These laws, regulations and other issues present unique risks that may impose additional requirements on our 
operations, cause delays in obtaining necessary approvals or permits, or result in losses or cancellations of our oil and 
natural gas leases, which in turn may materially and adversely affect our operations on Indian lands.

Pipeline Safety Regulations

The U.S. Department of Transportation’s Pipeline and Hazardous Materials Safety Administration (“PHMSA”) 
regulates safety of oil and natural gas pipelines, including, with some specific exceptions, oil and natural gas gathering 
lines. From time to time, PHMSA, the courts or Congress may make determinations that affect PHMSA’s regulations 
or their applicability to our pipelines. These determinations may affect the costs we incur in complying with applicable 
safety regulations.

Worker Safety

The Occupational Safety and Health Act of 1970 (“OSHA”) and analogous state laws regulate the protection of 
the safety and health of workers. The OSHA hazard communication standard requires maintenance of information about 
hazardous materials used or produced in operations and provision of such information to employees. Other OSHA 
standards regulate specific worker safety aspects of our operations. Failure to comply with OSHA requirements can 
lead to the imposition of penalties. In December 2015, the U.S. Departments of Justice and Labor announced a plan to 
more frequently and effectively prosecute worker health and safety violations, including enhanced penalties.

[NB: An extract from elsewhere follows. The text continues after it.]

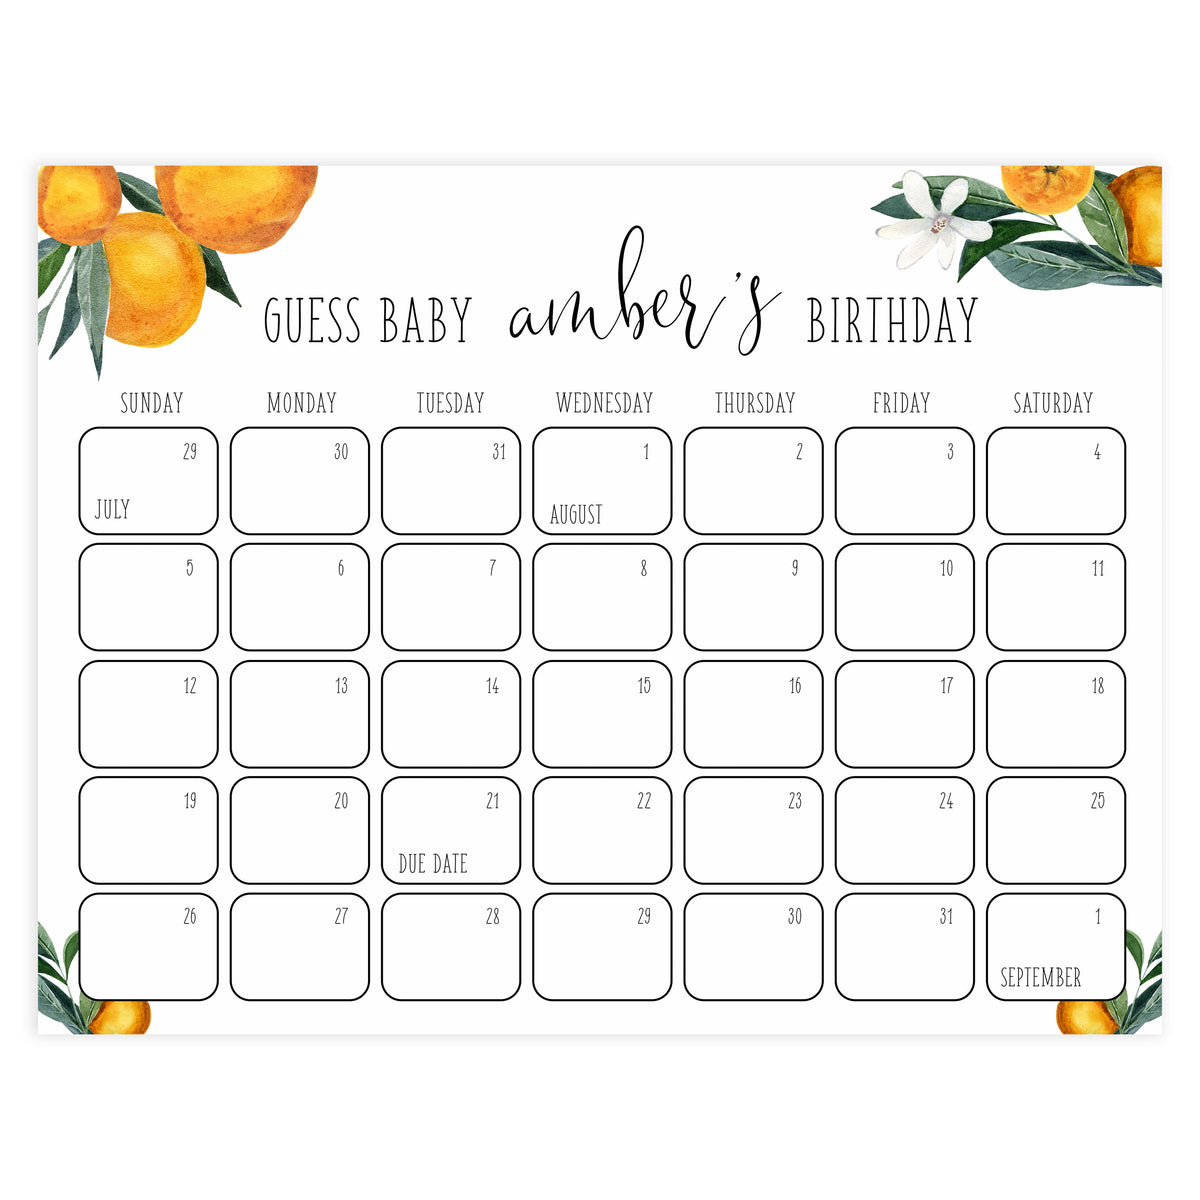 guess the baby birthday game, Printable baby shower games, little cutie baby games, baby shower games, fun baby shower ideas, top baby shower ideas, little cutie baby shower, baby shower games, fun little cutie baby shower ideas, citrus baby shower games, citrus baby shower, orange baby shower

Future Impacts and Current Expenditures

We cannot predict how future environmental laws and regulations may impact our properties or operations. For 
the year ended December 31, 2018, we did not incur any material capital expenditures for installation of remediation 
or pollution control equipment at any of our facilities. We are not aware of any environmental issues or claims that will 
require material capital expenditures during 2019 or that will otherwise have a material impact on our financial position, 
results of operations or cash flows.

Employees

As of December 31, 2018, we had 322 employees.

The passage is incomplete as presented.